In anticipation of the baby, Aiden, his friends, and family have been working really hard to put together a cabin for us on the farm. By December, we should have our own little personalized home for our daughter, son, dog, probably some fish might manage a house bunny, who knows!

So much to look forward to and many adventures to come. It hasn't been easy, but it's been incredibly fulfilling! 


Thursday 29 July 2021

Why?!! Business Advice From a 2 Year Old!

 Aiden's son's favorite word, phrase, and saying the last couple of weeks.....

"Why???" 

"Come eat dinner!"

"Why Cinta?!"

"Because......"

And this question is causing all of us in his life to think more with intention. Why do we do what we do?! In our adult stage, we start living on autopilot, muscle memory, and we rarely think about what we do anymore or why we do it. 

This past month I have been taking an online entrepreneur course, EYE Empowering Youth Entrepreneur Program. It's a paid training course for youth on Vancouver Island and the Coast in B.C to give us the tools to be self-employed and start our own business with confidence. 


One thing we have talked a lot about in the course in regards to our business is Our Why. Why does your business exist? Why are you passionate about this? Why should people care about what you are trying to sell?

And I just found it really ironic that around the time this question was posed to me about my projects, the two-year-old was beginning to ask us the same question. On the one hand when you hear Why at least 560 times a day, it can be a little annoying, and sometimes the only answer I can come up with especially when rushed is, "Because I said so!" However, I've been training myself to be patient with the question because I've realized the value in it. It helps us live more with intention, and when we live with intention we get more out of life and can make more meaningful and purposeful decisions. 

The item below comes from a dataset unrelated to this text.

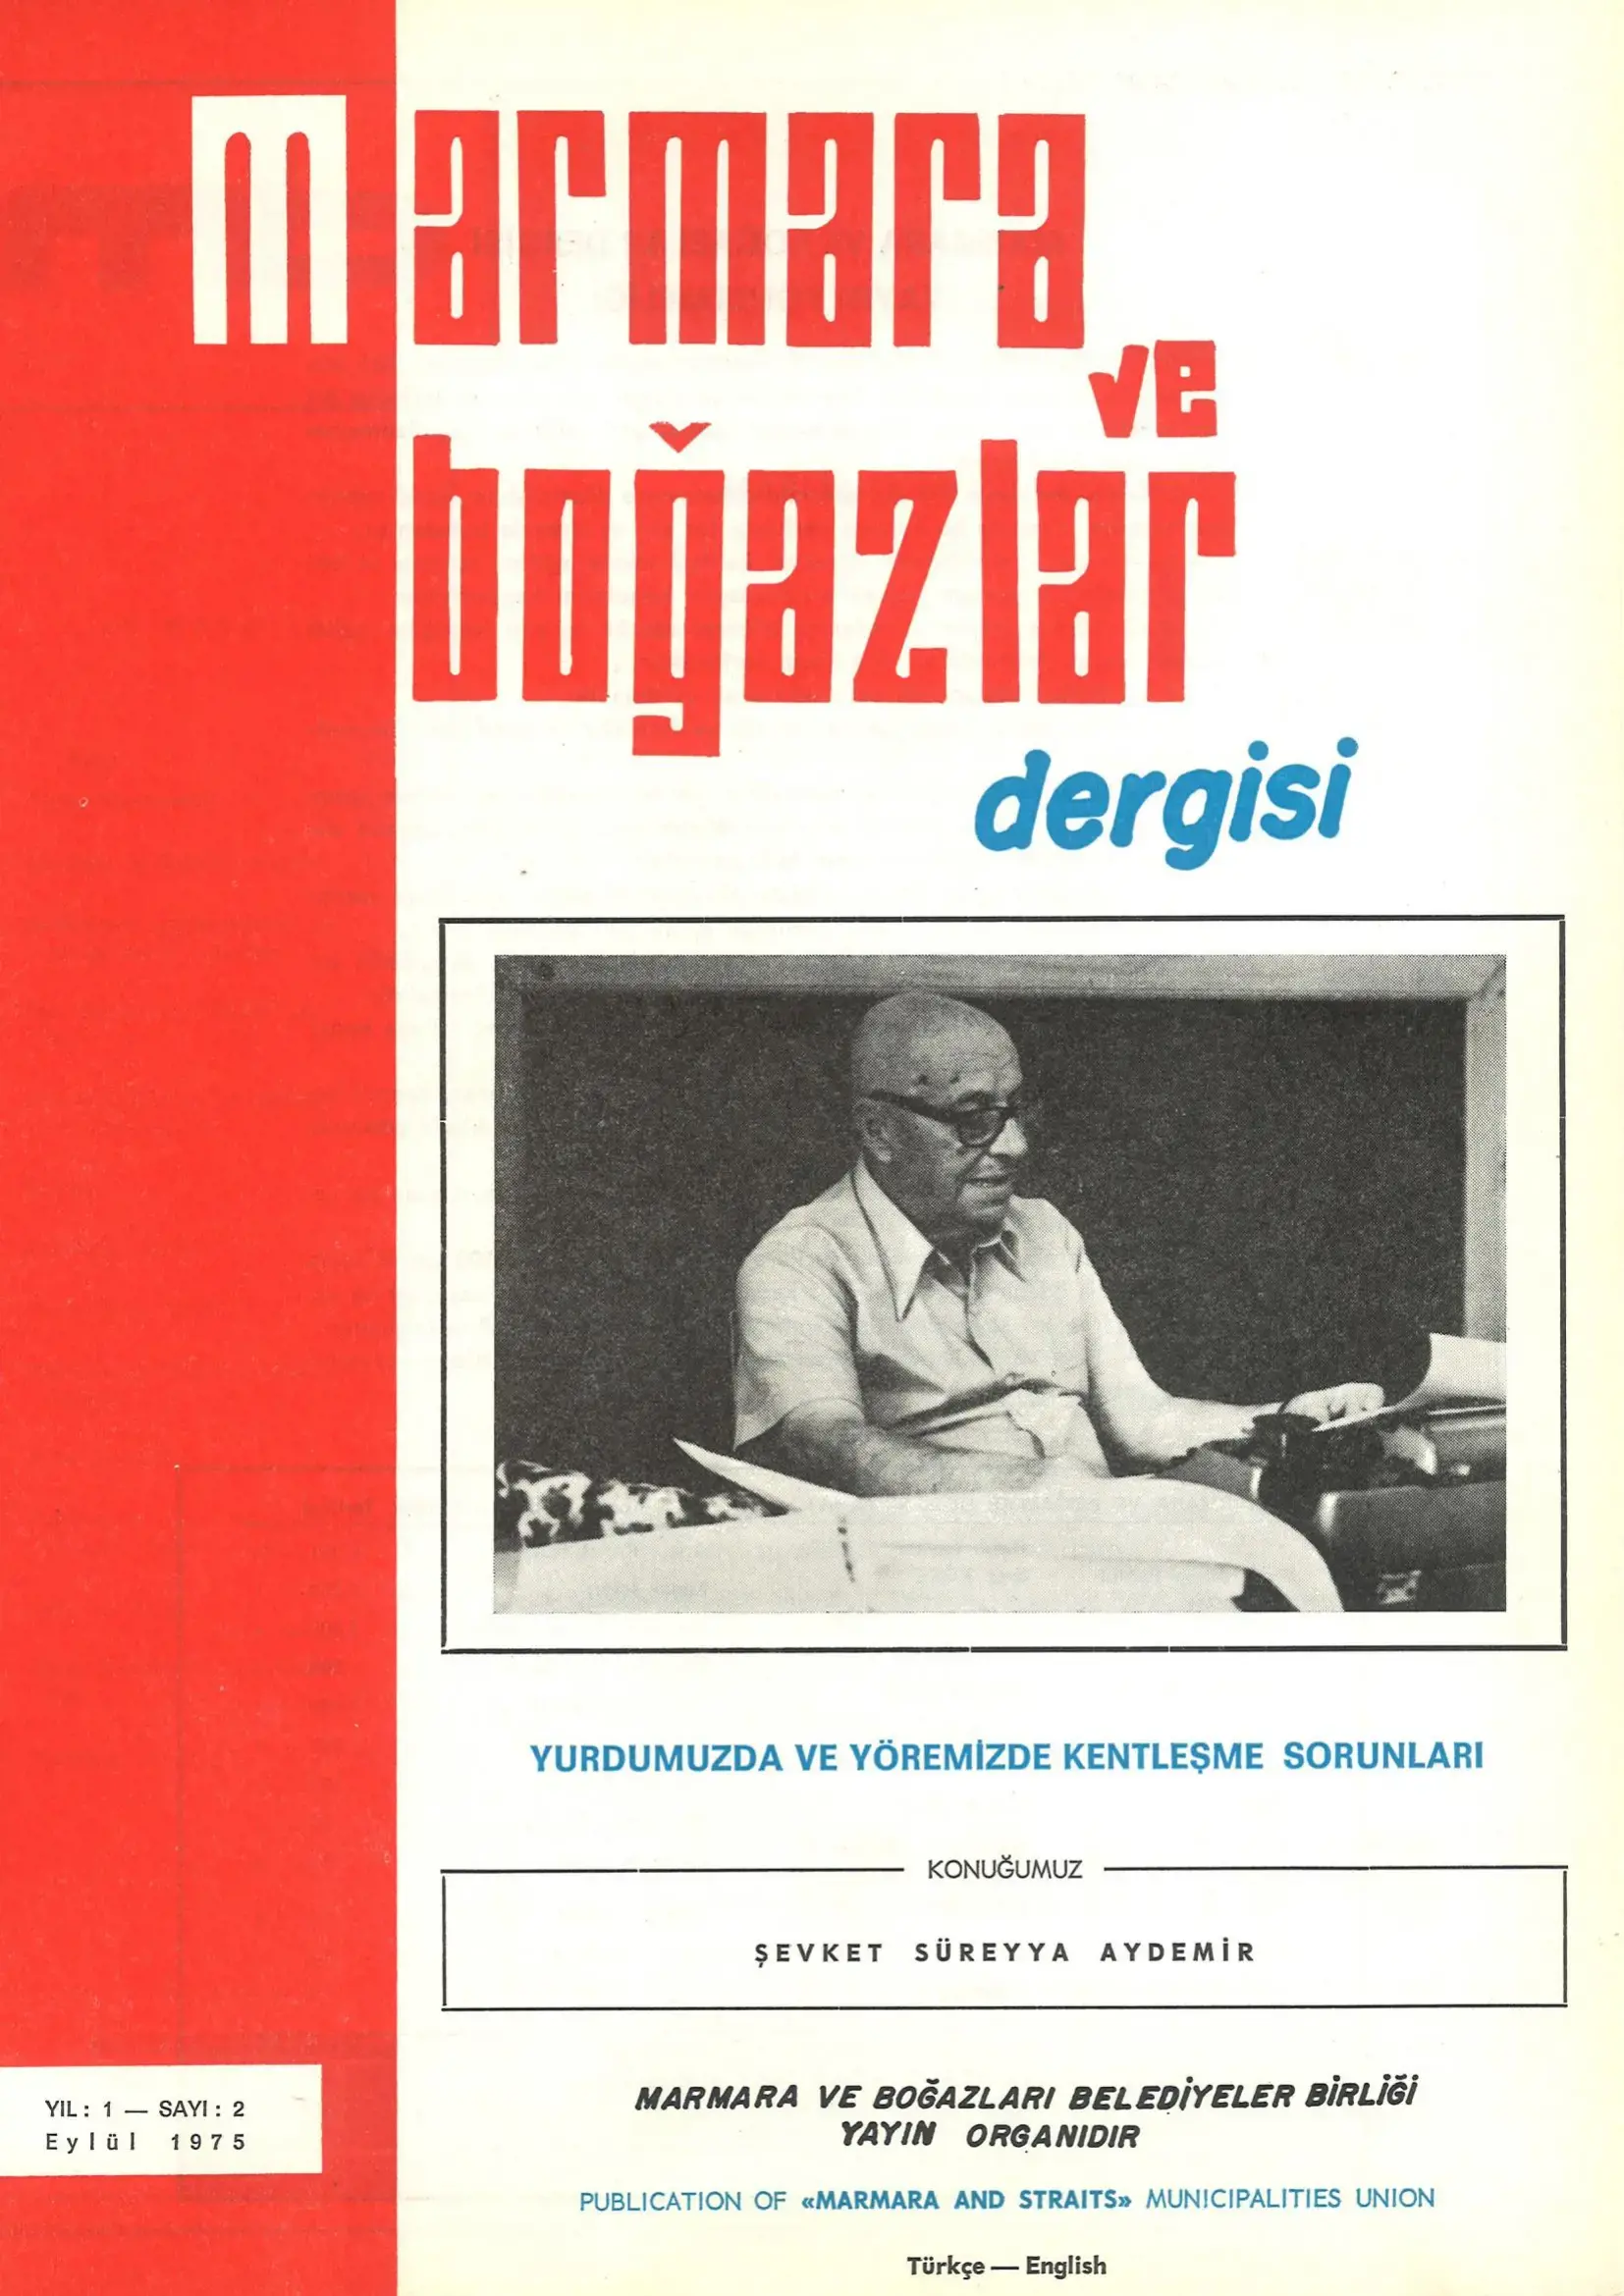 Marmara ve Boğazlar Dergisi - Eylül 1975
                                    Resmi

" Why do we wear clothes Cinta?" 

This question forces me to think about what I wear and why I chose to wear what I do. It makes me meditate on how I view my body and how I should view others. 

"Why are you cleaning Cinta?"

Why do I clean? It made me realize that it's because I am more relaxed in a tidy space and when I'm more relaxed I'm happier and I can be more present to my family. Giving cleaning more purpose than just being a chore has made it a more pleasant and purposeful task and when I see the benefit in it, I dread the task less.


For the project I'm focusing on for the business program, which is my rabbitry, focusing on my Why has given me a lot of direction for my project, helped me with all aspects from marketing, elevator speeches, project planning, and has given me more confidence in what I'm doing. 

Why Rabbits?! I get a lot of joy out of seeing the interaction between people and bunnies. The joy on people's faces, the individual personalities in each and every bunny, and the therapeutic effect rabbits have on people. This why is why I have decided meat rabbits are not my thing; I really like bunnies too much! lol. My pet bunnies and angora bunnies are now my primary business drive and I've discovered this by investigating the answer to my Why!

Why do you do what you do? Do you live with intention? Perhaps it's time we start thinking like a two-year-old again and ask why a little more often!